19.       Resolution on authorisation for the Board of Directors to decide on repurchase of the Company’s own shares

            Pursuant to its dividend policy Nordea Bank Abp will continuously assess the opportunity to use share buy-backs as a tool to distribute excess capital. In line with these considerations the Board of Directors of the Company proposes to the Annual General Meeting to resolve to authorise the Board of Directors, on one or several occasions, to decide on the repurchase of an aggregate of not more than 500,000,000 shares in the Company, which corresponds to approximately 12.35% of all the shares in the Company, subject to the condition that the number of own shares held by the Company together with its subsidiaries at any given time may not exceed 10% of all the shares in the Company.

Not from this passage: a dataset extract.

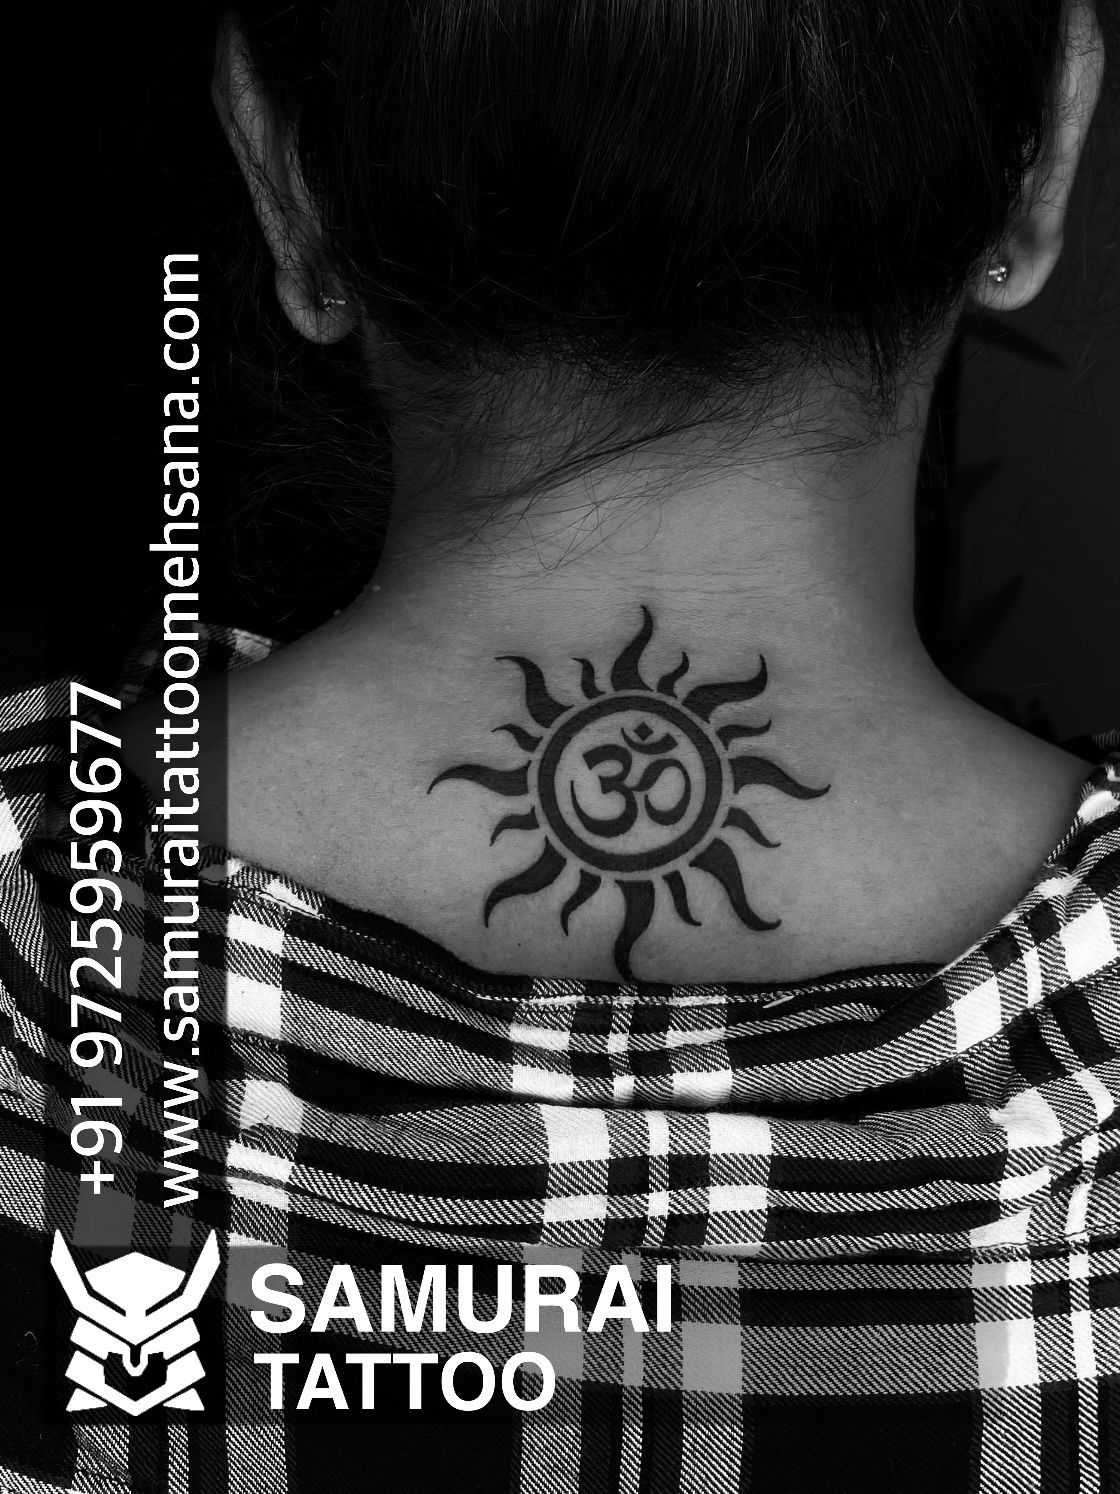 Share more than 135 suryavanshi tattoo latest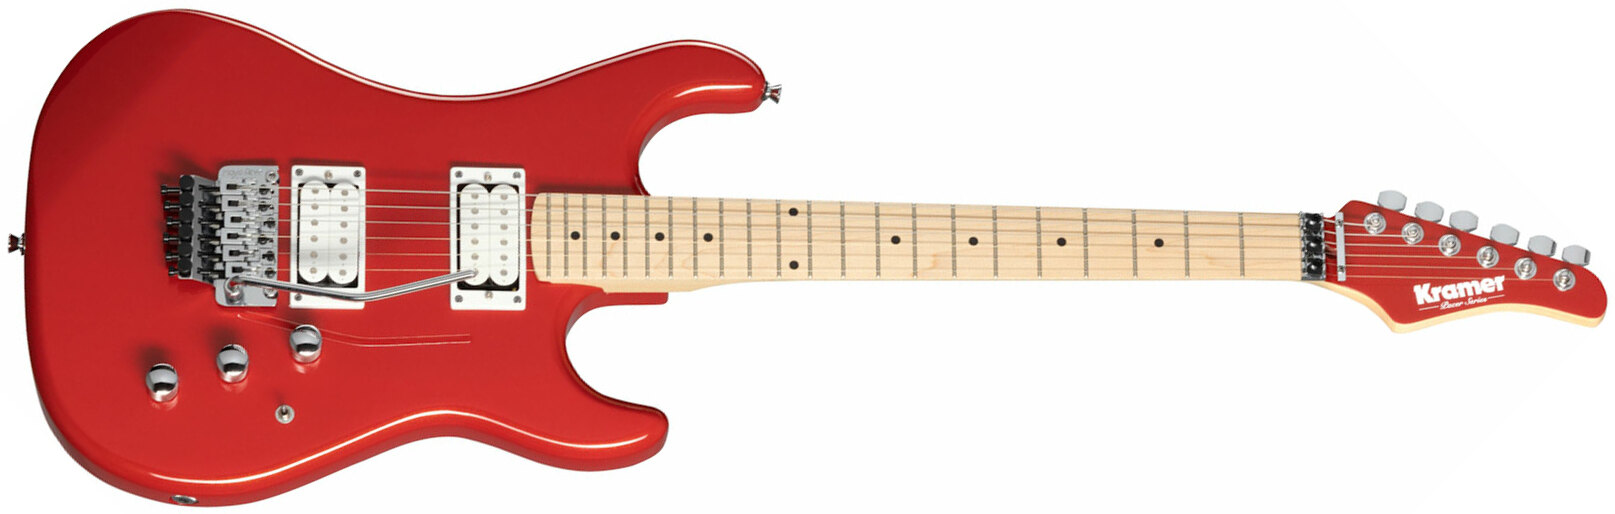 Kramer Pacer Classic 2h Fr Mn - Scarlet Red Metallic - Guitare Électrique Forme Str - Main picture

            The Company’s own shares may be repurchased as follows:

  1. Not more than 500,000,000 shares may be repurchased to distribute excess capital in order to optimise the capital structure of the Company. The purpose of such repurchase is to optimise the capital position and to increase sustainable shareholder return to the benefit of all shareholders.
  1. Not more than 8,000,000 shares may be repurchased to be used in the Company’s variable pay plans in accordance with regulatory requirements and/or as required for new variable pay plans for executive officers, senior management, other material risk takers and other employees, as appropriate.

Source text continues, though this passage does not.